Bir İblis Lordunun Hikayesi: Zindanlar, Canavar Kızlar ve İç Isıtan Bir Mutluluk

07 Şubat 2021
Çeviri: zibillionbytes
Düzenleme: Residenttt
832 Görüntülenme
Bu bölümü 19 Kişi beğendi.
Cilt 21

Zıvanadan Çıkmış Bir Hilkat Garibesi - Kısım 2

 Uğursuz Orman’ın güney bölgesinde bulunan, en yakın insan yerleşimine çok uzak olmayan bir bölgeye geri çekilmek durumunda kaldık.

 

“Durum nasıl görünüyor?” Ara varış noktamıza ulaştığımız anda Yata’ya büyülü telsiz üzerinden iletişime geçtim. Ve durumun henüz değişmediğini duyduktan sonra--hala bize doğru ilerlediğini duyunca--hazırlıklara başlamaya koyuldum.

 

Çağırdığım ruhlar bize iyi zaman kazandırmıştı. Görünüşe göre tentakül suratlı, karşılaştığı her canavarda olduğu gibi, ruhlarla karşılaşınca da onları yemek ya da yok etmek için duruyordu. Ama öyle olsa dahi saat bizim lehimize işliyordu. Bize ulaşmayı başarmadan önce sadece otuz dakika kadar vardı.

 

Bir yandan bu haber, planımın gerçekten işe yarayıp yaramayacağını görebileceğimiz anlamına geliyordu. Ama doğrusu, cthulhu götlü şerefsizin yoldan bize doğru gelmemesini tercih ederdim. Öfff... Bunca şeyin tek sebebi, Nell’in hiçbir saçmalığa bulaşmamasını sağlamaktı. Ağzına sıçayım senin dokunaç suratlı! Ah peki... şikayet etmenin anlamı yok. Yapmam gerekeni yapmalıyım.

 

“Nispeten güçlü bir canavar hissediyorum.” Lefi, çoğunlukla kendimi kaderime ikna etmekten oluşan düşüncelerimi olabilecek en soğukkanlı şekilde söylediği bir cümleyle kesmişti.

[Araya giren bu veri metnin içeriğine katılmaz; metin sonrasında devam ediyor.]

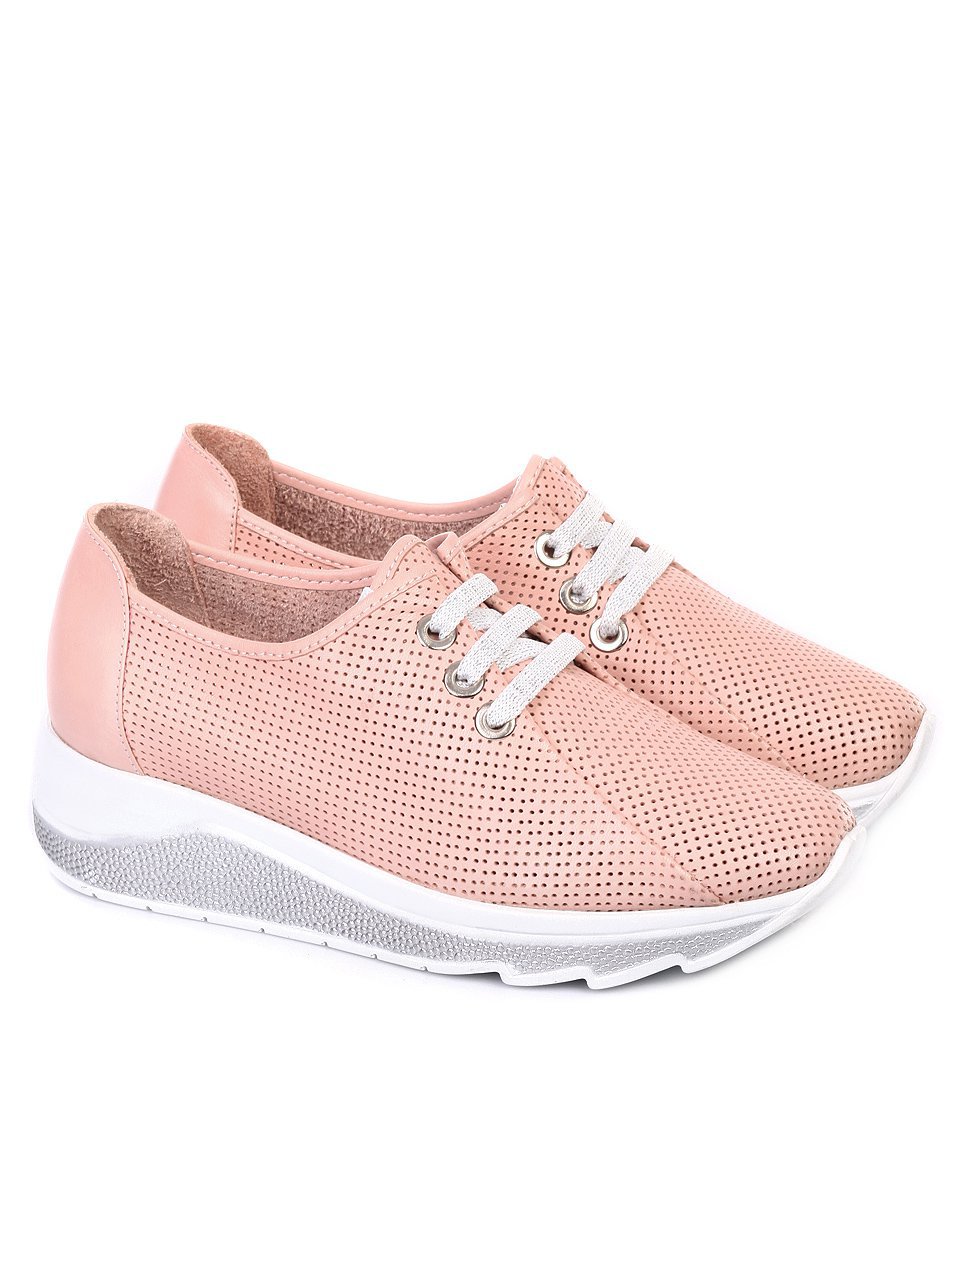 Ежедневни дамски обувки от естествена кожа 3AT-18506 pink

“Ne ara buraya geldin...?”

“Kısa süre önce. Güçlü bir rakibin bölgene girdiğini fark ettikten sonra yuvamızdan ayrılmayı seçtim.”

 

Bizi geçmeyi başarırsa, yaratığın şehre ulaşması sadece bir saat kadar bir süre alacaktı. Açıkçası, bu yüzden onun burada olması gerçekten güven vericiydi... Gerçi henüz havlu atmaya hazır değildim.

 

“Gelmiş olmandan memnunum ama...”

“Sen başarısız olmadan harekete geçmeye niyetim yok” dedi. “Eğer bununla uğraşacak kadar güçlü hissetmiyorsan ağlayarak kollarıma atlayabilirsin. Sadece aşırı büyümüş bir çocuk olduğundan ve ben de senin vasin olduğumdan, desteğimi sonuna kadar sana sunacağım. Sana göz kulak olmak ve aşırı soruna sebep olmadığından emin olmak benim sorumluluğum.”

 

Aynen. İşte size Lefi. Normalde tam bir tembellik numunesidir ama işler sıkıntıya girdiğinde hep şaşırtıcı derecede anlayışlı ve aşırı güven verici oluyor.

 

“Evet, şimdilik sadece izle. Eğer sana ihtiyacım olursa bağıracağım ama biraz güçlü bir şeyle her savaşımda Lefi trenine binecek değilim.”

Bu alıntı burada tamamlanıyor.